William V. Schneiderman was born on December 14, 1905, in Romanovo, Russian Empire, and came with his parents to Chicago at the age of two. In the 1920s, the Schneiderman family moved to Los Angeles. He studied political science at the University of California at Los Angeles but had to drop out to help support his family and completed his degree forty years later.[1][2][3][4][6]
In 1936, Schneiderman returned to the States to become state secretary of the Communist Party, a position he held until 1957.[1][2][3][4] For much of his life, he worked as an accountant to support his family.[1][3][4][5]
On February 13, 1948, the Daily People's World (now People's World) mentioned that Schneiderman had written an introduction for a new version of the Manifesto of the Communist Party called The Communist Manifesto in Pictures.[10][11]
During testimony on May 6, 1949, Paul Crouch spoke at length about efforts by the CPUSA to continue to infiltrate the U.S. Army. He also mentioned alleged communists known to him, including Harry Bridges (strike organizer), Schneiderman (California CP), J. Robert Oppenheimer (atomic scientist), and Haakon Chevalier (translator).[12]

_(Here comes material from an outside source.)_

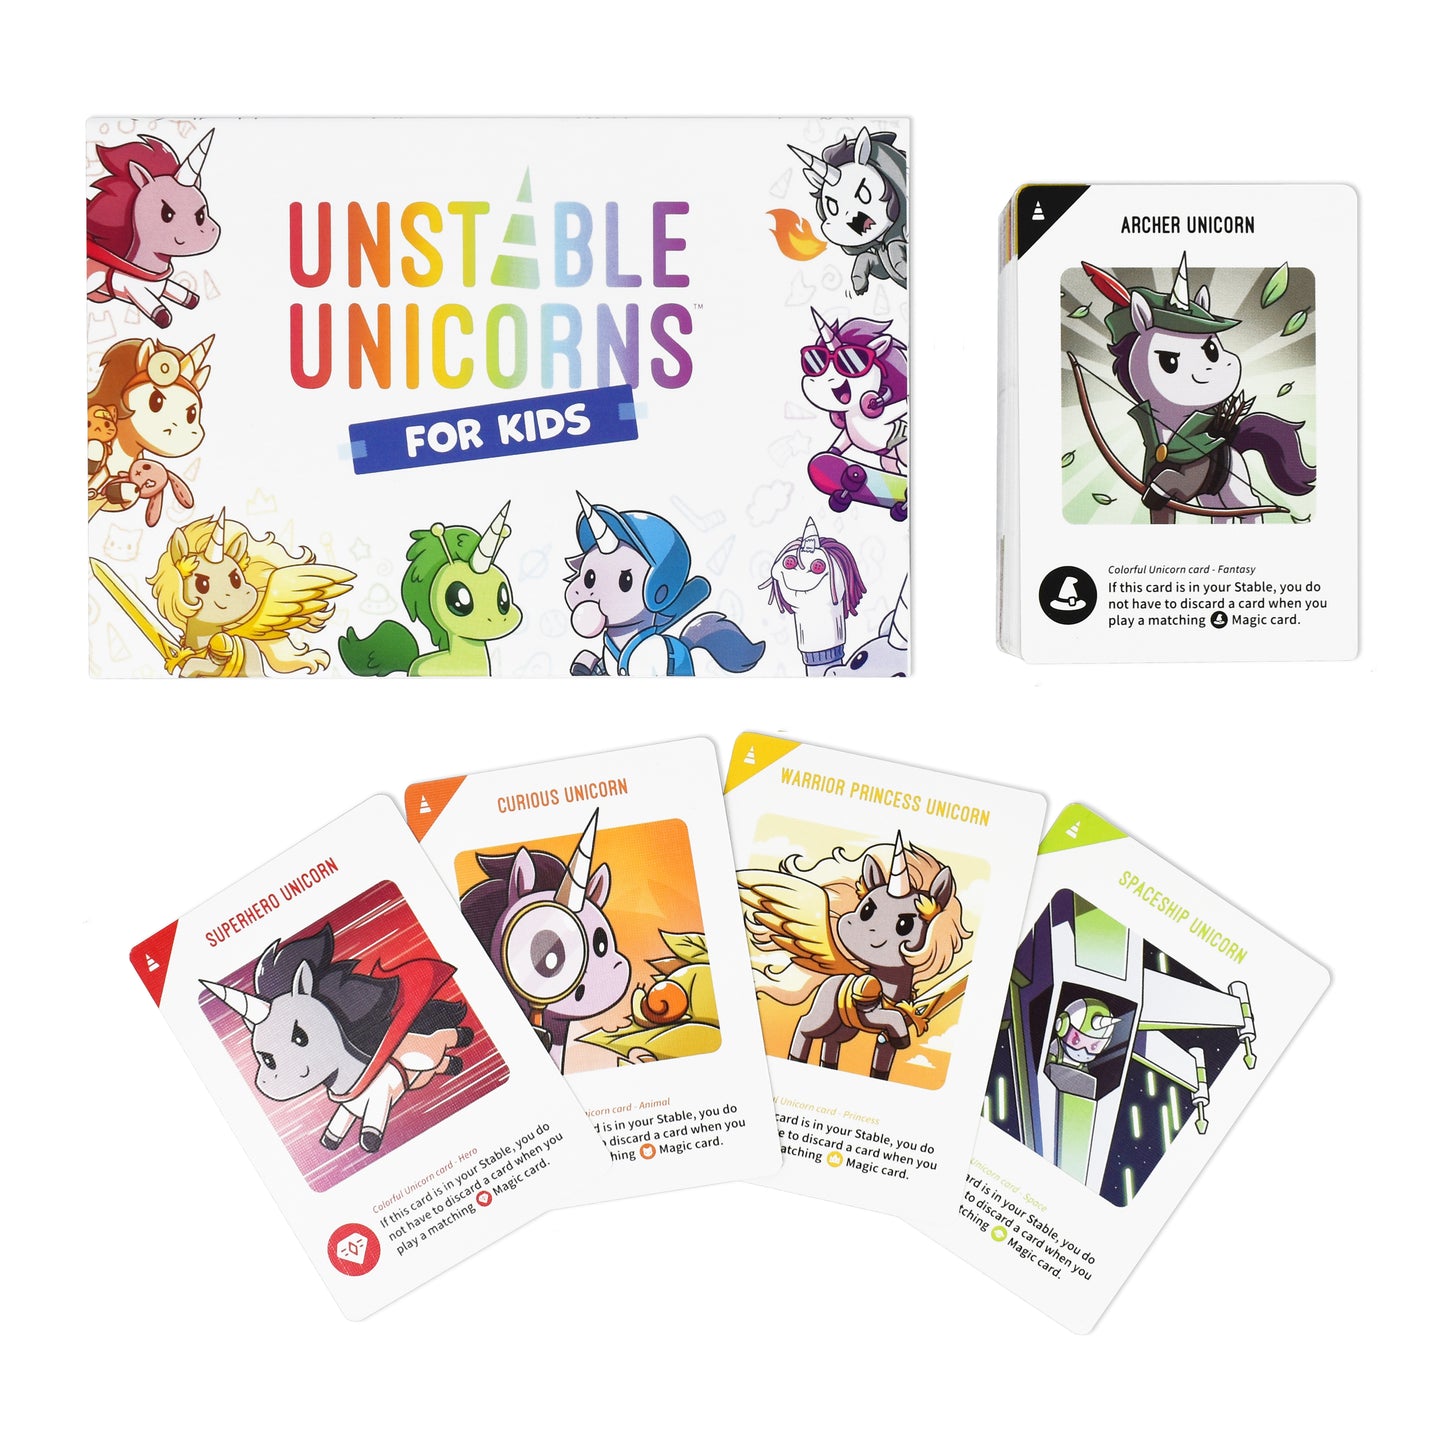 Box and cards from "Unstable Unicorns for Kids: Base Game" strategy game, featuring colorful cartoon unicorn characters by Unstable Games.

In 1964, Schneiderman stepped down as chairman of the Communist Party of California.[1][3][4][5][6]
In 1927, when becoming a citizen, Schneiderman had to claim he was a person "attach[ed] to the principles of the Constitution." In 1939, the US government sought to revoke his citizenship shortly after Joseph Stalin reversed Soviet (Comintern) foreign policy by signing the Hitler-Stalin Pact.[7] In 1939, a federal judge ruled for Schneiderman's deportation because he had lied about political affiliation when becoming a citizen.[1][6]
Future California attorney general Robert W. Kenny defended him but lost, and Schneiderman lost his citizenship.[6]

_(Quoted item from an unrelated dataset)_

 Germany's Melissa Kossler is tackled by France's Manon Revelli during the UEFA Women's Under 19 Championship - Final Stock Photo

Carol Weiss King's co-representation of Schneiderman exemplifies her success in enlisting other (male) attorneys to work for free on key constitutional cases — in this case, recruiting Willkie to represent Schneiderman before the Supreme Court. King won this case in 1943, preventing the Government's revocation of the Communist Party leader's citizenship.[14] Support had come from the American Committee for the Protection of Foreign Born, of which King and Kenny were members, as they were also members of the National Lawyers Guild. Schneiderman was the American Committee for the Protection of Foreign Born's second major victory, following work for Harry Bridges, leader of the International Longshoremen's Association (ILA) during the 1934 West Coast waterfront strike.[15]

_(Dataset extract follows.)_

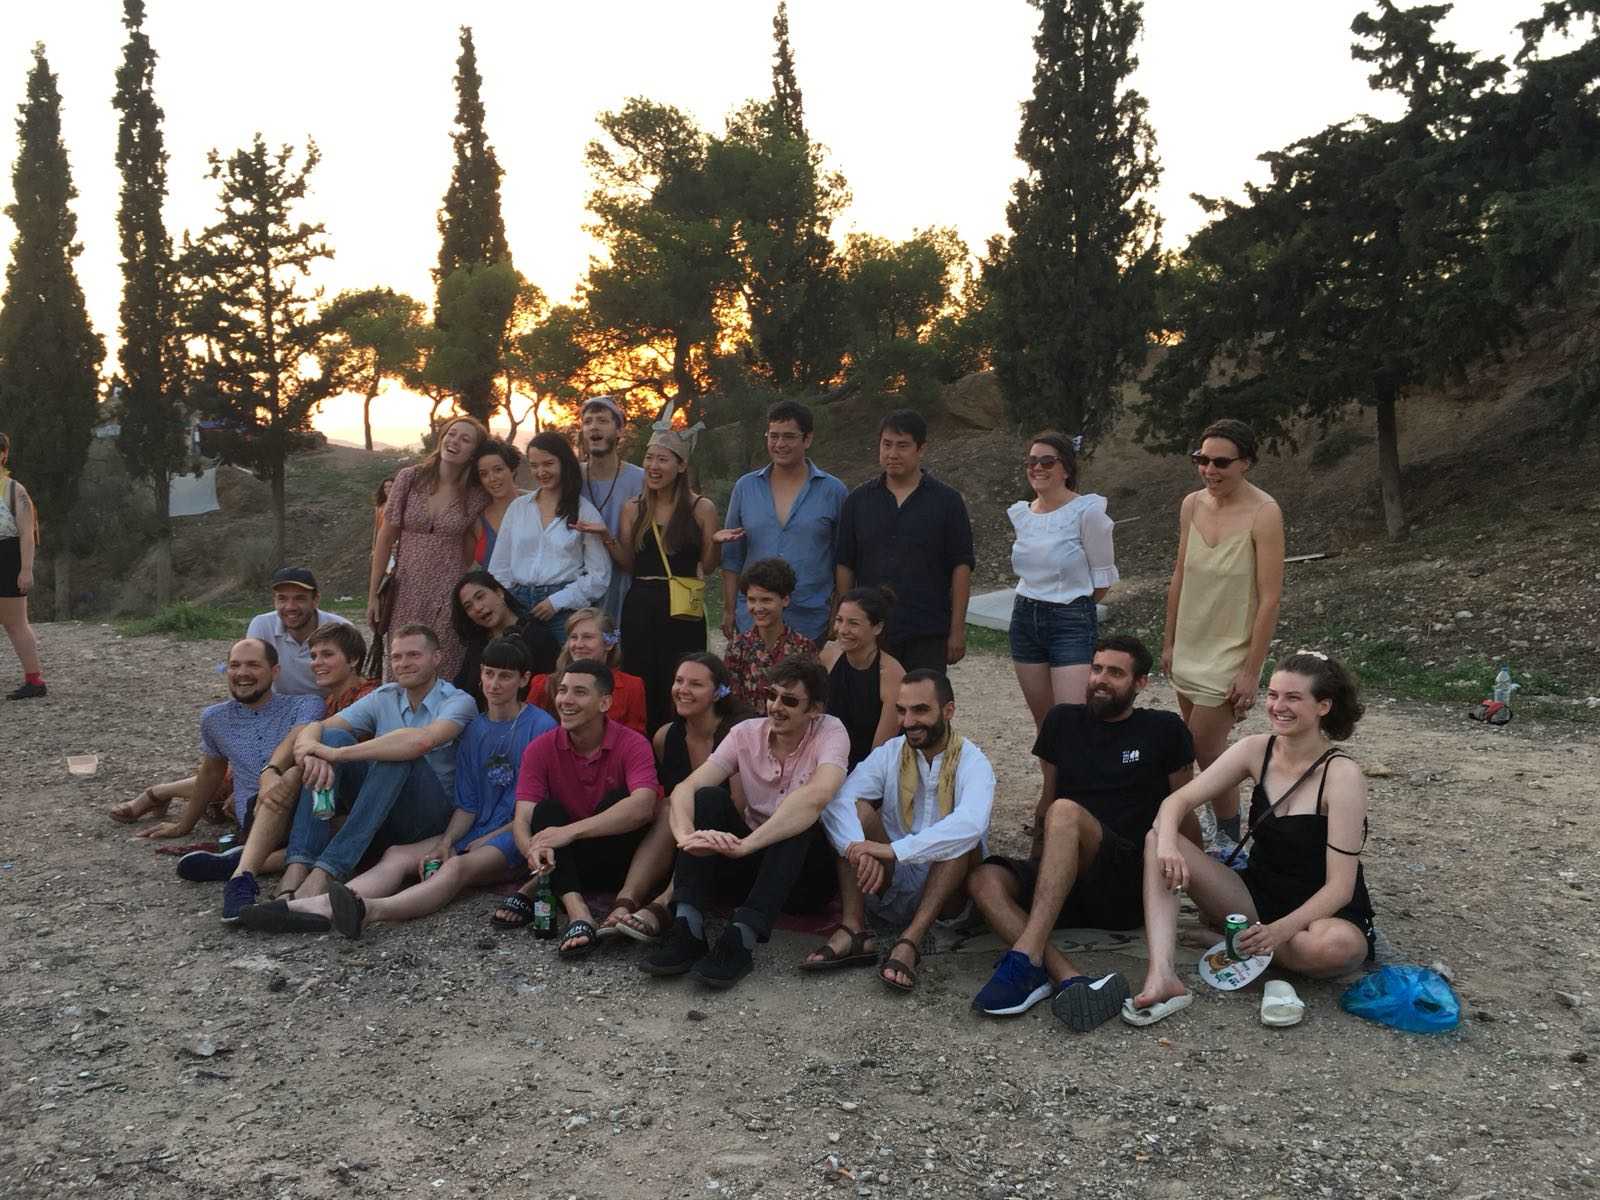 The 2016-2018 class of the Dutch Art Institute a.k.a. DAI during our farewell ceremony @ Strefi Hill in Athens, July 2018. ( Image credit: Ciarán Wood)

In 1949, Schneiderman and 14 other California party leaders found themselves indicted and then convicted under the Smith Act for trying to overthrow the government. The defendants were: Loretta Starvus Stack, Al Richmond, Dorothy Healey, Rose Chernin Kunitz, Albert J. Lima, Philip Marshall Connelly, Ernest Otto Fox, Carl Rude Lambert, Henry Steinberg, Oleta O'Connor Yates, and Mary Bernadette Doyle.[1][2][3][4][5][6] The trial lasted six months, the longest to date in Los Angeles history.[6] All 15 people received convictions with five-year sentences and $1,000 fines.[6] When the case closed in 1952, Schneiderman attributed it to "prejudice and hysteria" and predicted that "the time will come when our country will not look back with pride on prosecutions of this kind."[5]
Schneiderman married Leah; they had one daughter.[1][2][3][4]
William V. Schneiderman died age 79 on January 29, 1985, in a hospital in San Francisco.[2][3][4][5][6]
At the time of his death, United Press International (UPI) reported his title as "Chairman of the Communist Party of California," which newspapers used around the country when reprinting the UPI news item.[1][3][4] (Newspapers that did not use UPI used titles like "head of the Communist Party in California" like the San Francisco Examiner[5] or "California Communist Party leader" like the Los Angeles Times''.[6])
Legacy
At the time of his death, Schneiderman's wife said:
Bill was a very gentle man who did not believe in force and violence... He was a true believer. He was aware of errors, but he never broke with the party.[5][6]
The Labor Archives and Research Center of San Francisco State University houses Schneiderman's papers. The collect includes correspondence, leaflets, clippings, pamphlets, memoranda, reports, and hearing transcripts. It also includes a draft for Dissent on Trial including one unpublished chapter.[2]